Claire Marino: I just think for any child, as soon as you notice something like that, you need to get in and get help.
Dan Marino: It's extremely important that people recognize that with the right proper care, and the proper therapies, that kids can definitely get better and have a great life.
That's why Dan and Claire decided to start a foundation which so far has raised more than $6 million for children's charities.
In 1998, they built the Dan Marino Center at the Miami Children's Hospital in Florida. The center specializes in treating children with autism and other developmental disorders all under one roof.
Neurologist Roberto Tuchman helped the Marinos set up the center.
Dr. Roberto Tuchman: I think that what we need to realize is that autism is a disorder, a medical disorder in the way that cancer is. And we have to provide those children and those families with the kind of support that can make a difference.
But not every child with autism can make the same strides as Michael. Doctors still don't know why some children respond to early intervention and others do not. Michael is now in a special education program and is mainstreamed for classes like history and physical education.
Couric: I'm wondering if some families might look at the wonderful things that he's been able to accomplish, and have hope that might be slightly unrealistic.
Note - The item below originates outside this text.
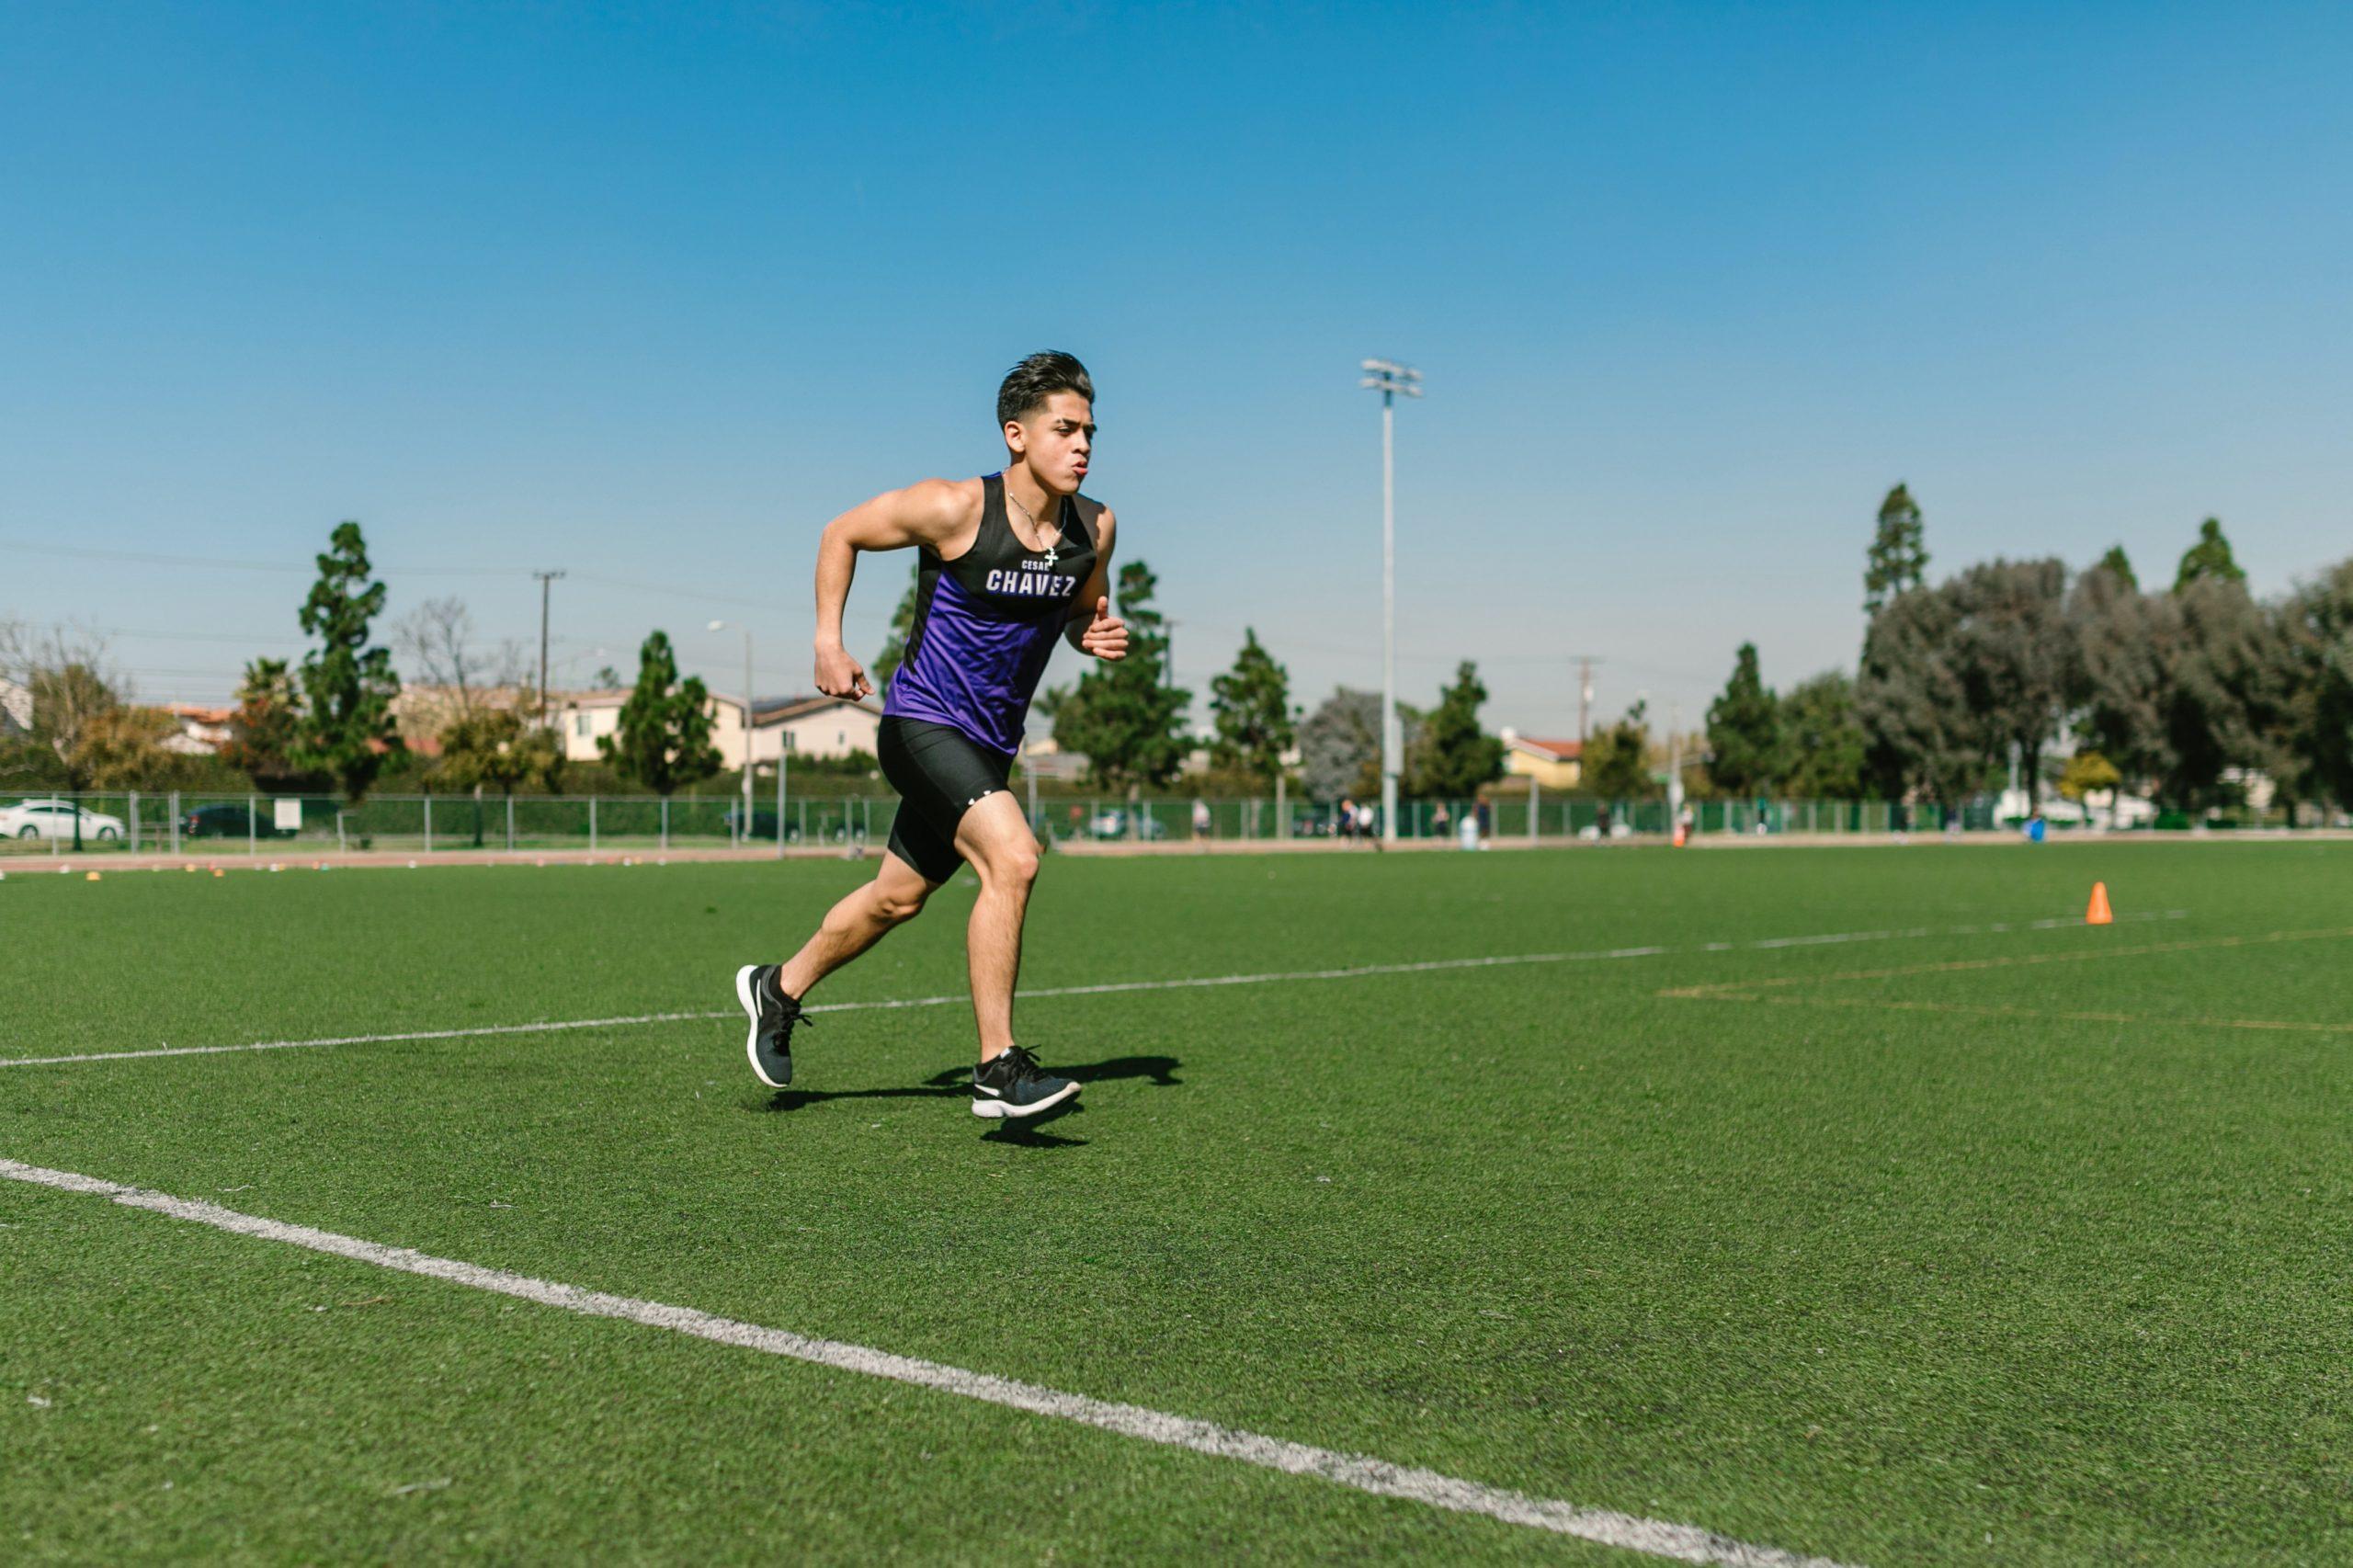 Imagem de um homem jogando futebol.

Dan Marino: There's no doubt. But, on the other hand, there's hope. He's an example for a lot of families and a lot of people. He's one of the reasons we were able to start our foundation and make a difference, because we want to help other families and get opportunities for them, like Michael had.
As for Michael, he is hoping for a bright future.
Michael Marino: I just hope that I can be successful. So other parents can look up and see just because their son has a problem doesn't mean they still can't grow up and be as successful as any other person.
Dan Marino: Doctors will tell you not to say it, but for me, he's cured. There's not a problem and he won't have a problem the rest of his life.